Alors que le
Conseil œcuménique des Eglises (COE) n’agrée
que les Eglises qui affirment sans ambiguïté que
Jésus est réellement le Fils de Dieu, au sens
où il est l’incarnation de Dieu le Père
(engendré et non pas créé), les unitariens, à la
suite des anti-trinitaires du XVIème siècle,
pensent que Jésus est homme, d’une nature humaine
et non divine. Cette position, qui se rapproche de la tradition
des judéo-chrétiens, celle par exemple des
Eboniens après la destruction du Temple, anté-nicéenne
(antérieure au concile œcuménique de Nicée
qui se tint en 325) comme aimait le dire Théodore
Monod, a débouché dans un premier temps sur
un christianisme moins dogmatique, sinon a-dogmatique. Sur
ce terrain, les unitariens furent rejoints à partir
du XIXème siècle par les protestants libéraux
qui affirmèrent la relativité historique des
dogmes (le dogme énonce la foi à une époque
donnée et dans un contexte culturel donné)
et leur hiérarchisation (des dogmes sont plus importants
que d’autres). Dans un second temps, l’unitarisme
a nourri un christianisme d’ouverture où la
voie chrétienne n’a plus été présentée
comme la seule valable, où elle s’est trouvée
partagée avec d’autres expériences spirituelles.
Déjà aux Etats-Unis à partir du milieu
du XVIIIème et en Europe depuis le début du
XIXème siècle, des communautés chrétiennes
unitariennes ont ainsi glissé vers l’unitarisme-universalisme
où les chrétiens unitariens ne revendiquent
plus le christianisme comme dénominateur commun. C’est
ce second développement de l’unitarisme qui,
aujourd’hui, interpelle le plus les chrétiens
d’autres confessions.
Dès lors que le couple
Dieu le Père – Dieu le Fils se trouve dissocié par
l’anti-trinitarisme, le croyant est invité à se
positionner d’une part vis-à-vis de Dieu, d’autre
part vis-à-vis de Iéshoua. Il en résulte
un élargissement considérable des possibilités
au sens structuraliste du terme qui, à mon avis, n’ont
pas été encore toutes explorées.
Dieu « libéré » de
son Fils, c’est la possibilité pour nous de
ne plus rester enfermés dans une seule représentation
de Dieu, celle qui nous a été léguée
par la Bible : un dieu transcendant, providentiel (qui est
le maître de l’histoire, des grands et des petits évènements),
gardien de la morale et justicier, etc. Et si Dieu était
immanent à la Nature selon la pensée panthéiste
? Une énergie spirituelle qui circulerait dans la
Création comme une sève et qui pousserait (de
l’intérieur) les êtres à plus d’intelligence, à plus
d’amour, à plus d’universalité selon
une dynamique esquissée par Teilhard de Chardin. Et
si Dieu, comme le pense le bouddhisme, coïncidait avec
la totalité d’un univers où tous les
vivants sont entraînés avec leurs ego, avec
lui et par lui, dans un vaste tourbillon gravitationnel pour
accéder à la sérénité ?
La connaissance et la reconnaissance de toutes les religions
comme expériences spirituelles nous invitent à sortir
de notre seule tradition judéo-chrétienne-islamique,
pour une représentation plus universelle de Dieu,
même si celle-ci consiste surtout en points d’interrogation.
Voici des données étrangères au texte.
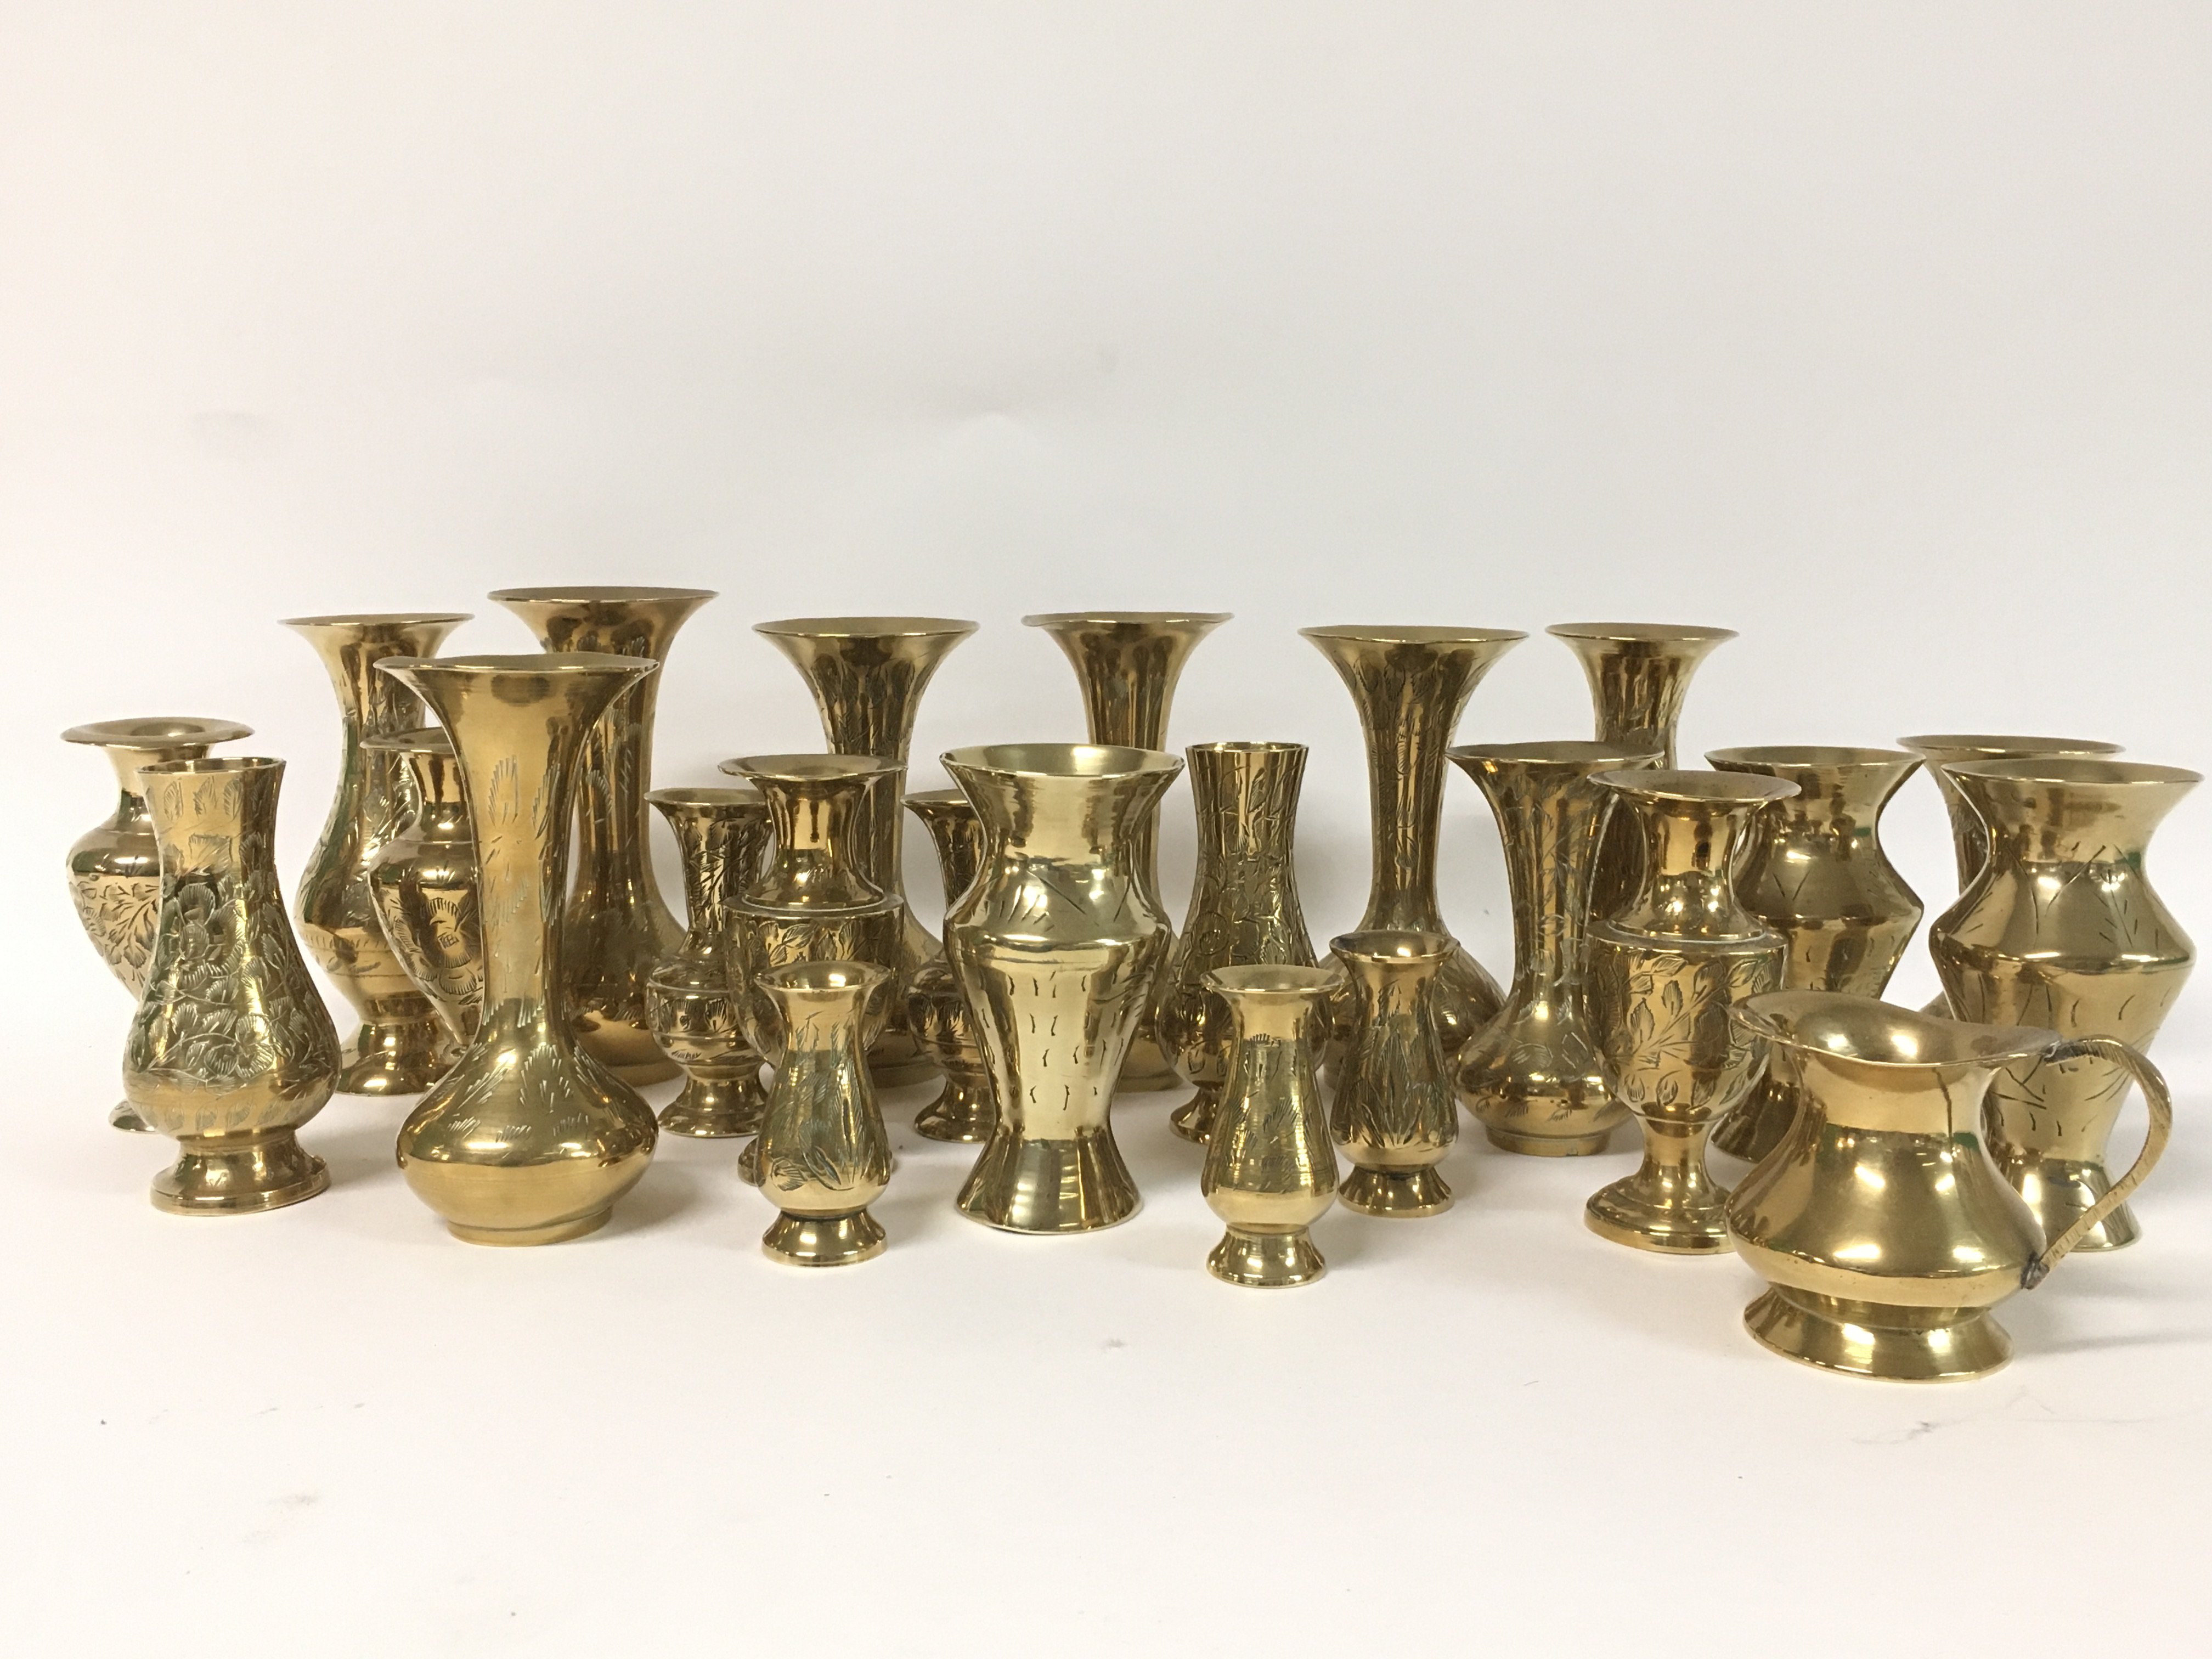 Brass ornaments, made in India

Mais aussi Iéshoua appréhendé pour
lui même. On peut dès lors être chrétien,
admirer l’enseignement et la vie du rabbin Ièshoua,
sans pour autant acquiescer à toutes ses croyances,
dont certaines relèvent de son époque, de sa
religion et de sa culture. Certes, son expérience
spirituelle nous enrichit, nous féconde, nous interpelle,
mais il n’est plus un dieu infaillible qu’il
faut croire sans discuter, ni un gourou que l’on suit
aveuglément. Récepteur et admirateur de son
message, nous avons à le traduire avec intelligence
et cœur pour notre siècle et nos divers milieux.